Ela menghentikan makannya sejenak.
"Iya juga yah,, pak Kenan gigit-gigitan gimana yah sama Friska,," ucap Ela sambil menerawang jauh.
"Apa jangan-jangan...," ucap Salsa sengaja menggantung kalimatnya.
"Jangan-jangan apa?" tanya Ela penasaran.
"Jangan-jangan itu gigitan yang begitu loh,, loe nggak usah pura-pura nggak mengerti deh,," ucap Salsa lagi.
"Gue juga udah berpikir sampai kesitu,, tapi nggak mungkin dong,, mana mungkin sih seperti itu,, ingat woi pak Kenan dan Friska itu om dan ponakan,, tapi duhh kok gue nggak bisa untuk mengontrol pikiran gue ini,," ucap Ela.
"Kita tunggu aja informasi dari pacar gue,," ucap Ela lagi sambil tersenyum bangga.
"Iya,, iya yang punya pacar,," cibir Salsa.
"Ayo makan lagi jomblo,," ejek Ela lalu tertawa.
"Ela piring ini tuh kalau kena loe pasti sakit,, jadi jangan gitu yah,, orang jomblo itu sensitif loh,," ucap Salsa sambil tersenyum terpaksa.
"Iya deh maafin,, tau kok gue piring itu sakit kalau kena gue,," ucap Ela lalu tertawa lagi.
"Ya udah makan aja kalau gitu nggak usah gangguin gue yang jomblo ini,," ucap Salsa lagi.
"Iya,,, iya,," ucap Ela sambil senyum-senyum.
Mereka pun sarapan dengan Ela yang sesekali menganggu Salsa. Sedangkan kedua orang tua Ela sudah berangkat ke kantor lebih dulu,, dan sarapan lebih dulu.
Sementara Juan masih bingung mencari pesanan Kenan tapi dia harus dapatkan,,,, karena kalau tidak Kenan pasti akan marah-marah lagi dan menyuruhnya mencari lagi sampai ketemu.
Di waktu yang sama dan tempat yang berbeda,, Kenan yang sudah selesai mandi sedang mengeringkan rambutnya sambil melihat istrinya yang sedang mengerjap-ngerjapkan matanya pertanda dia akan bangun.
"Pagi istriku sayang,," ucap Kenan lalu mengecup bibir Friska.

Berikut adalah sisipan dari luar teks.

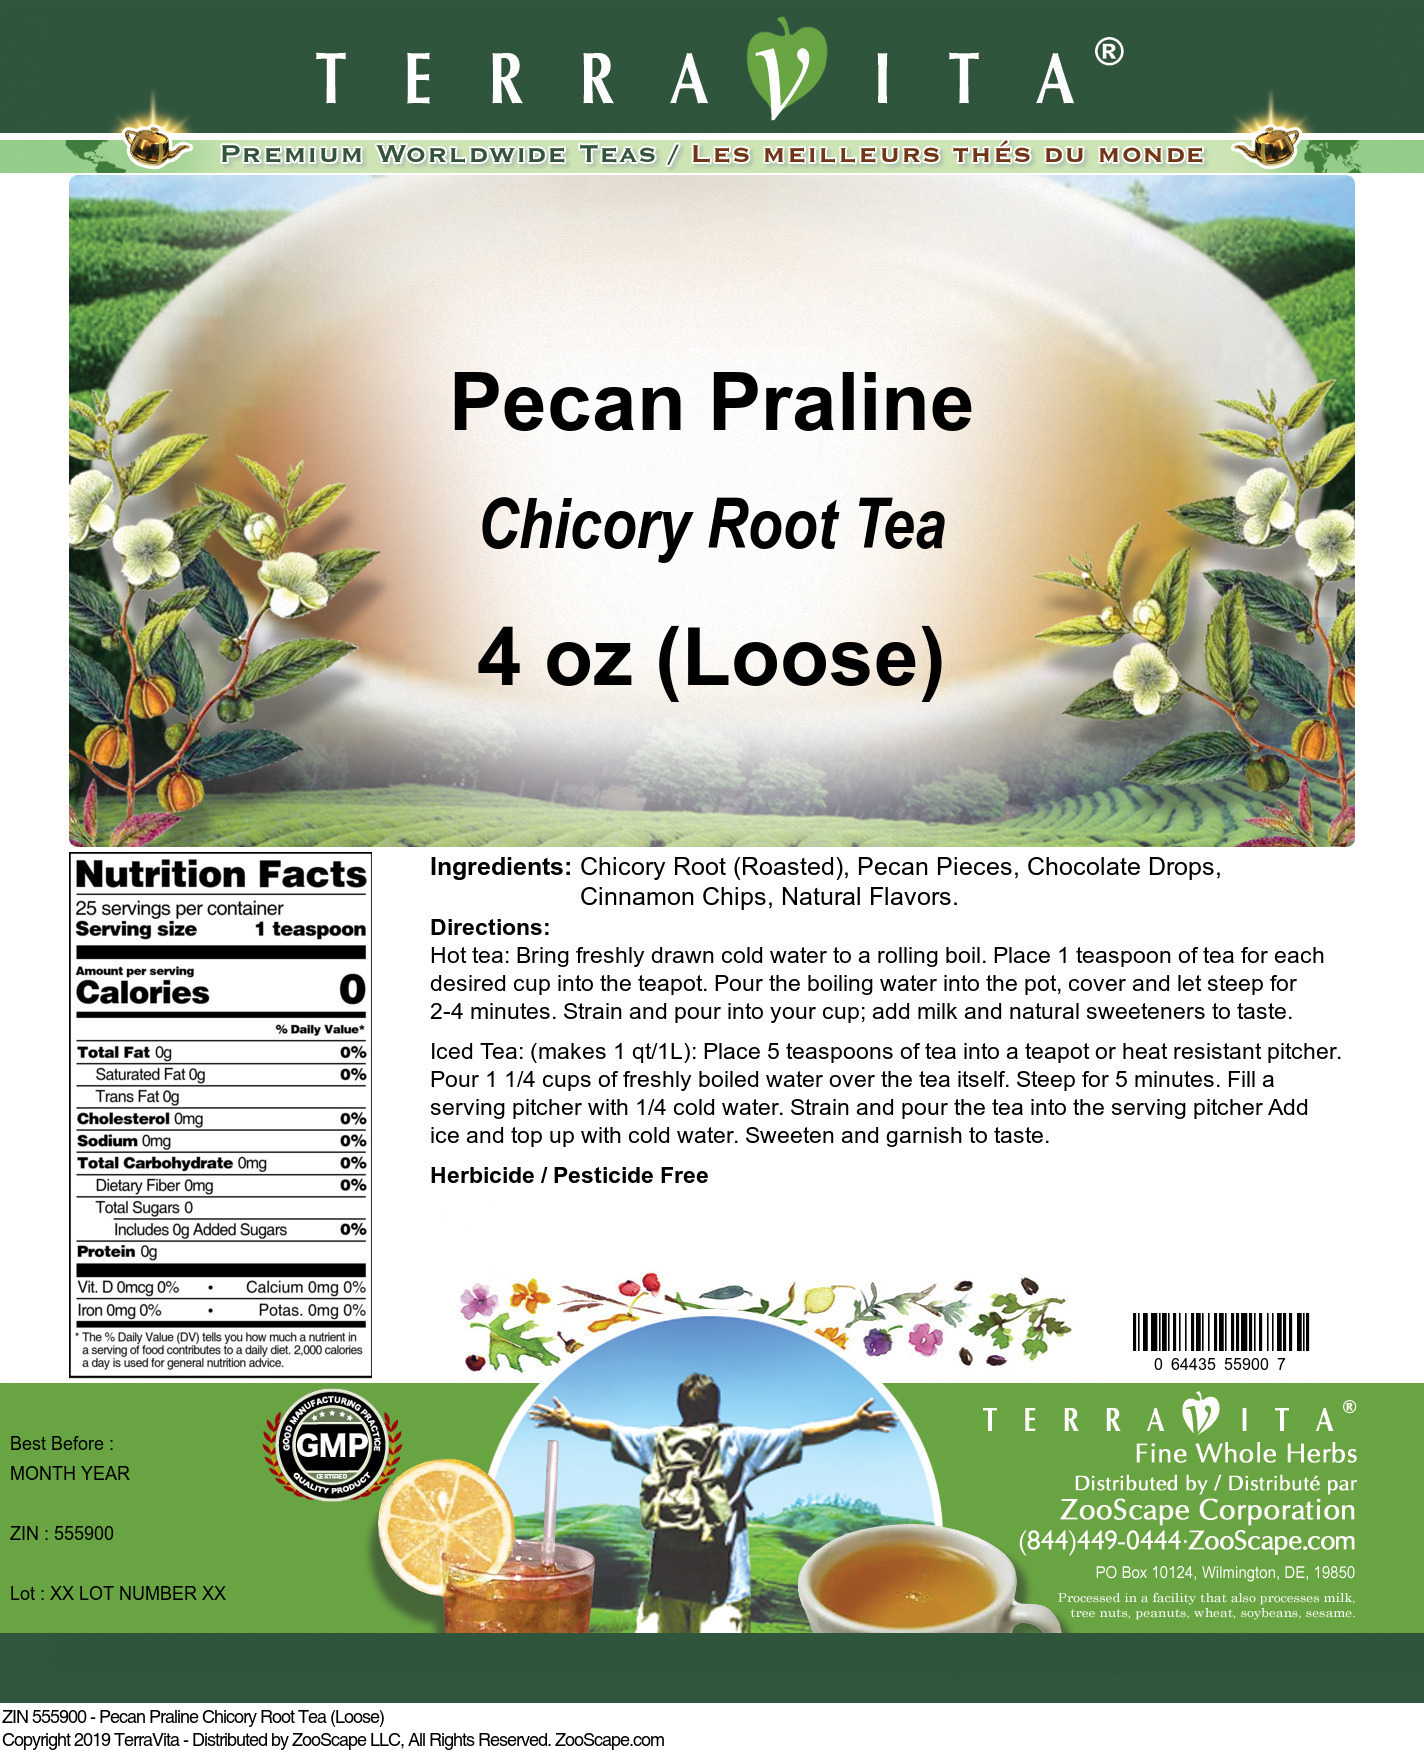 Pecan Praline Chicory Root Tea (Loose) - Label

"Yank aku baru bangun ihh,, masih bau juga nggak kayak kamu udah mandi,," rengek Friska dengan suara khas bangun tidurnya.
"Nggak bau sayang,, terserah aku dong mau mengecup bibirmu itu kapan,, bibirmu itu kan punya aku,," ucap Kenan lagi sambil duduk di pinggir tempat tidur dekat Friska.
Friska hanya menggelengkan kepalanya sejenak untuk menanggapi ucapan Kenan dan Kenan hanya tersenyum sambil melihat Friska dengan tatapan penuh cintanya.
"Udah puas tidurnya?" tanya Kenan sambil mengelus lembut wajah istrinya.
"Emm udah kok,, kamu kenapa nggak bangunin aku sayang?" tanya Friska sambil membiarkan Kenan mengelus wajahnya.
"Sengaja kok,, kamu sepertinya capek banget sayang,," ucap Kenan.
"Terus yang bawa aku ke tempat tidur siapa?" tanya Friska yang mengingat kalau dirinya masih di perjalanan sewaktu ketiduran.
"Yah aku dong sayang suami kamu,, masa orang lain sih,, nggak mungkin dong,," ucap Kenan cepat.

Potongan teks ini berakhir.